Tesla K40 1TB RAM problem

Duno · July 6, 2017, 8:06pm

Hello, I have a custom server that I built with 3 Tesla K40’s for some high-intensity simulation processing. The system blue screen’s anytime I have the full 1TB of RAM installed, I have determined this to be the fault of the K40’s driver.

The problem is that the system is a quad-channel system. If I remove a stick of RAM, and bring the system down to 960G of RAM, the system performance degrades to a single-channel configuration, which hinders performance noticeably (about 20%). I can bring the system down to 512G of RAM and everything runs optimally, but then I can’t run the larger simulations that need the 1TB of memory space, which is what I built the system for, and 20% doesn’t seem like much but in this instance, it is a measure of days, and some of these simulations are time-critical.

I was wondering if there was an environment variable (or something like it) within the K40 that I could manually set to only give it access to 960G of the system RAM? That way I could have the full 1TB plugged into the system, and the motherboard/processors would still operate under the quad-channel configuration and the system wouldn’t blue screen due to the NVidia driver limitation.

Any assistance would be appreciated, thanks in advance!

tera · July 6, 2017, 8:19pm

Have you thought about trying Linux instead?

njuffa · July 6, 2017, 8:41pm

[s]If you have not done so yet, I would highly recommend reporting this as a bug to NVIDIA. Even companies the size of NVIDIA do not routinely have Windows systems with 1 TB of system memory sitting around in their QA departments (or anywhere for that matter).
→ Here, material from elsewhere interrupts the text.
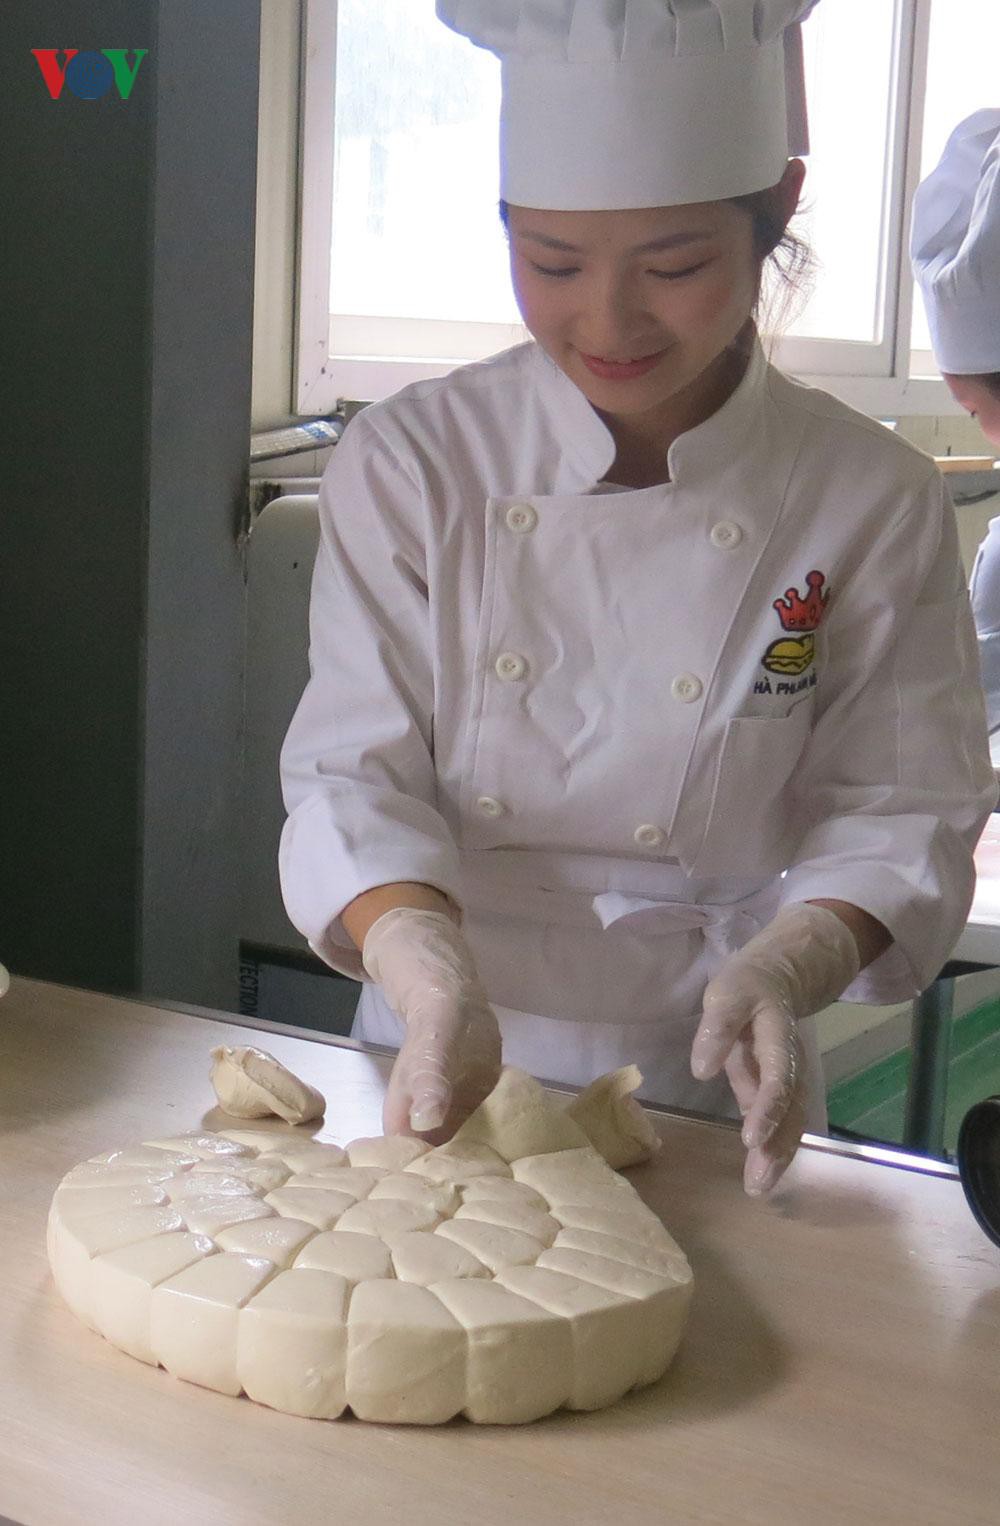 Mục sở thị xưởng sản xuất bánh mỳ Việt ở Hàn của cô chủ 9X xinh đẹp Ảnh 4

I am curious how you determined conclusively that the GPU driver is at fault. It seems possible for a TCC driver to cause a system panic, but I would have considered an OS component a more likely source of that, or instability of the hardware.[/s]

Robert_Crovella · July 6, 2017, 9:18pm

It’s not (primarily) a windows or linux issue. It’s a limitation of the K40 and all pre-pascal GPUs that have a 40-bit TLB map (and, to some extent, system BIOS dependent).

You’ll be limited to 1TB of memory (or 512GB for Fermi GPUs, not in view here), and that is only achievable in special situations. For most typical situations and the way most server BIOSes work, you are limited to less than 1TB. Here’s some indication for this issue:

[url]https://us.download.nvidia.com/XFree86/Linux-x86/331.20/README/addressingcapabilities.html[/url]

AFAIK there are no environment variables that can work around this or modify it. It’s a function of where the system assigns resources that the K40 needs, above or below the 1 TB barrier. You may be able to find some system BIOS entries that affect mapping, and/or OS config parameters, and it may be worth a try, but I’ve not personally worked thru the process.

Pascal (and future) GPUs should not have this limitation. They have something like 49bits of TLB map range:

[url]https://devblogs.nvidia.com/parallelforall/inside-pascal/[/url]

"GP100 extends GPU addressing capabilities to enable 49-bit (512 TB) virtual memory addressing (note that GP100 also supports 47-bit (128 TB) physical memory addressing). "

Duno · July 6, 2017, 9:36pm

Thanks for the input everyone, Linux isn’t an option but it’s not a Windows issue. The K40 driver limitation is known by NVidia.

Thx TxBob, yes the P100’s are the end solution to my issue but I have a great number of sims that need to run between now and when I get funding for a new $60,000 server, so I was hoping there was a stop-gap measure I could institute in the mean time. The open-source community is usually better at these things than the direct company, so here I am. lol.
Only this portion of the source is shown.